Most of the rest of the book has to do with Marcel’s being in love, seeing others in love, and going to parties. His first romance, physically quite innocent but emotionally flaying, is with the Swanns’ daughter, Gilberte. (Unlike his creator, Marcel is heterosexual.) Next comes Albertine, whom Marcel singles out from a fascinating crowd of rowdy girls in the seaside resort of Balbec; this love is not innocent and is even more destructive. Meanwhile Marcel becomes friendly with the Duchesse de Guermantes, who embodies a social grandeur that sets him dreaming; gets to know the novelist Bergotte and the painter Elstir, who provide lessons in what art can and cannot do; mixes with the Verdurins, a couple of distasteful bourgeois climbers, and their circle of fools; and is courted in a most unnerving fashion by the Baron de Charlus, lord prince of the sodomites. Interleaved throughout are meditations and conversations on actual and imagined works of art, ladies’ fashions, etymology, military strategy, homosexuality, anti-Semitism, social transformations, time, and timelessness.

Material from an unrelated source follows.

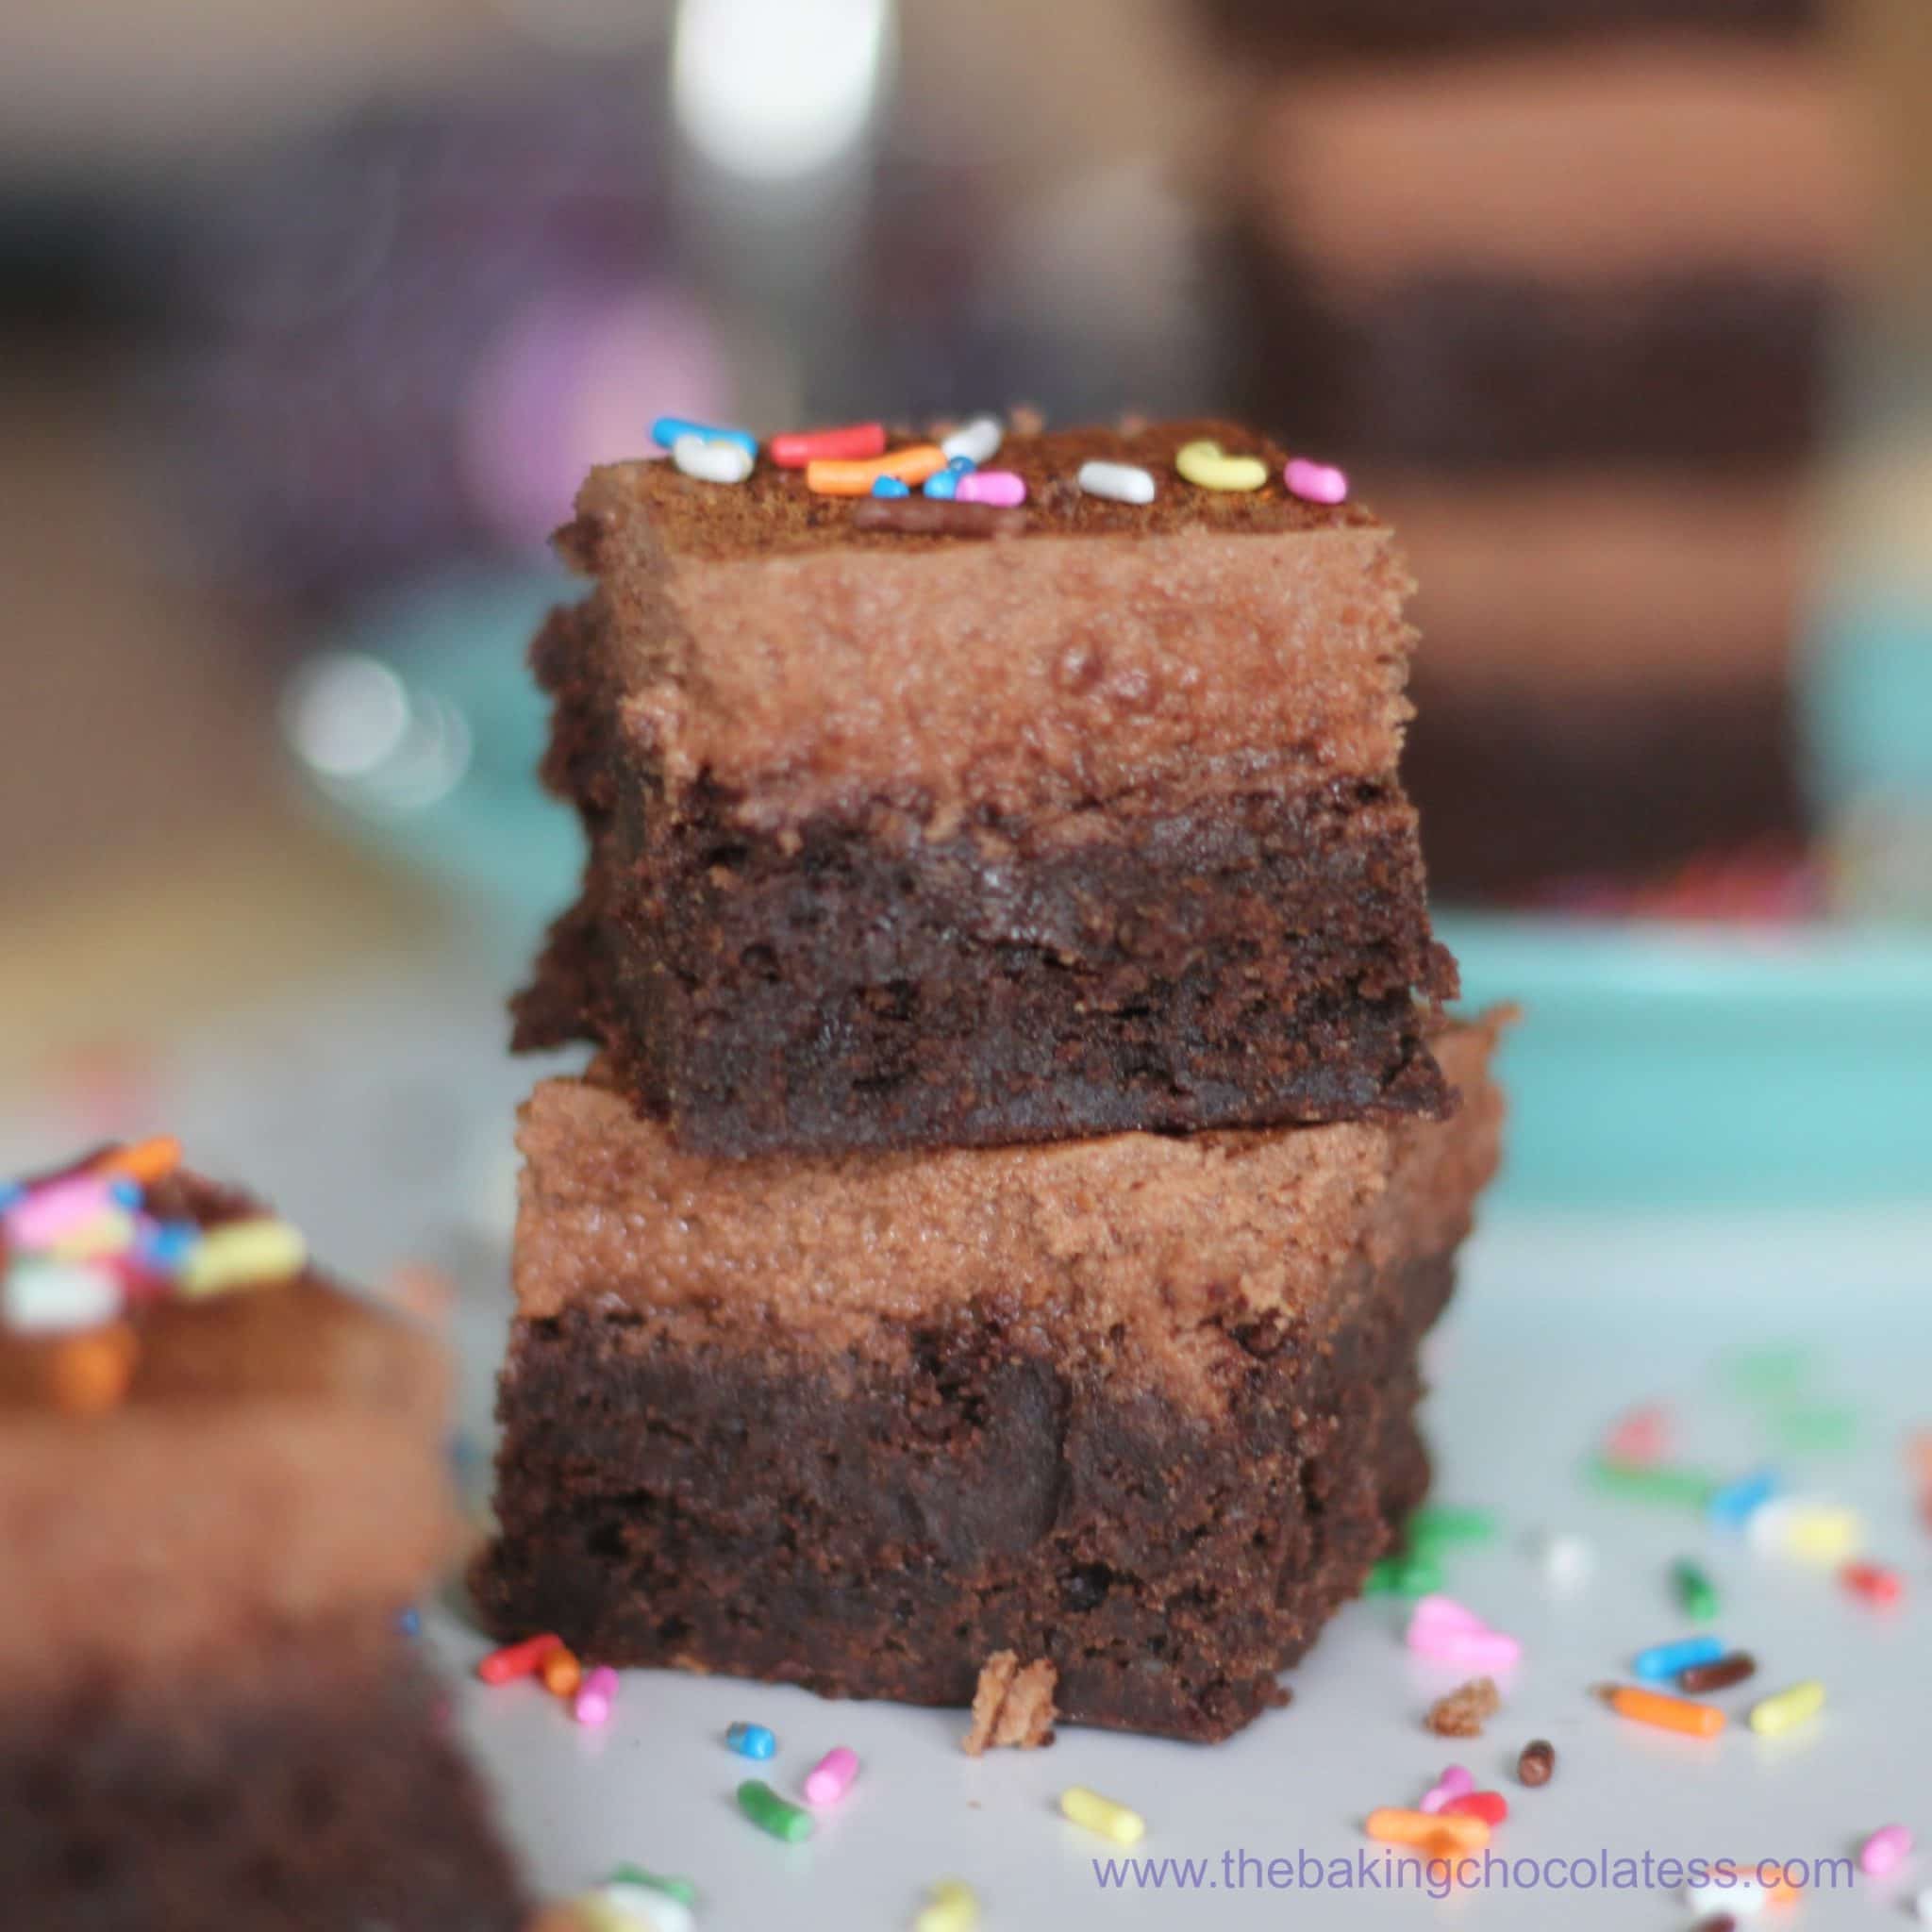 Mexican Spiced Brownies

For most of the novel, finally, Marcel is a writer manqué, an aspirant who lacks the understanding to conceive a novel and the will to see it through. The book then records the process by which he becomes the writer who has written the extraordinary work one is reading. “And thus,” he concludes, “my whole life up to the present day might and yet might not have been summed up under the title: A Vocation.”

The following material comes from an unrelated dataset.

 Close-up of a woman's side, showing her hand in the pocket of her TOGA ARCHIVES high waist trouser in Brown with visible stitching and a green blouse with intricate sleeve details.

What does that “vocation” reveal? No other writer/narrator has attended with such extravagant care to the surface of things: the grace or ungainliness of a gesture, the historical associations of a great name, the import of a gravely formal bow in response to a friendly greeting, the radiance of a distinguished smile or shirtfront, party talk that goes on for miles. Yet, although the charms of love, friendship, and society present a brilliant and beguiling surface, they never please Marcel for long. Real life is to be found elsewhere, and only the rare soul manages to find it.
For Marcel, there is no desire more imperious than the desire to know. It is the motive force of his life and of his relentless pursuit of what he calls reality. The words “real” and “reality” must recur a thousand times in this novel, being signposts—like “virtue” for Machiavelli, “happiness” for Tolstoy, or “good” for Hemingway—that lead the reader to the heart of its unfolding significance. But to disclose the reality at life’s core requires one to experience illusion, in all its manifold and obdurate guises, and this experience is Marcel’s meat and drink.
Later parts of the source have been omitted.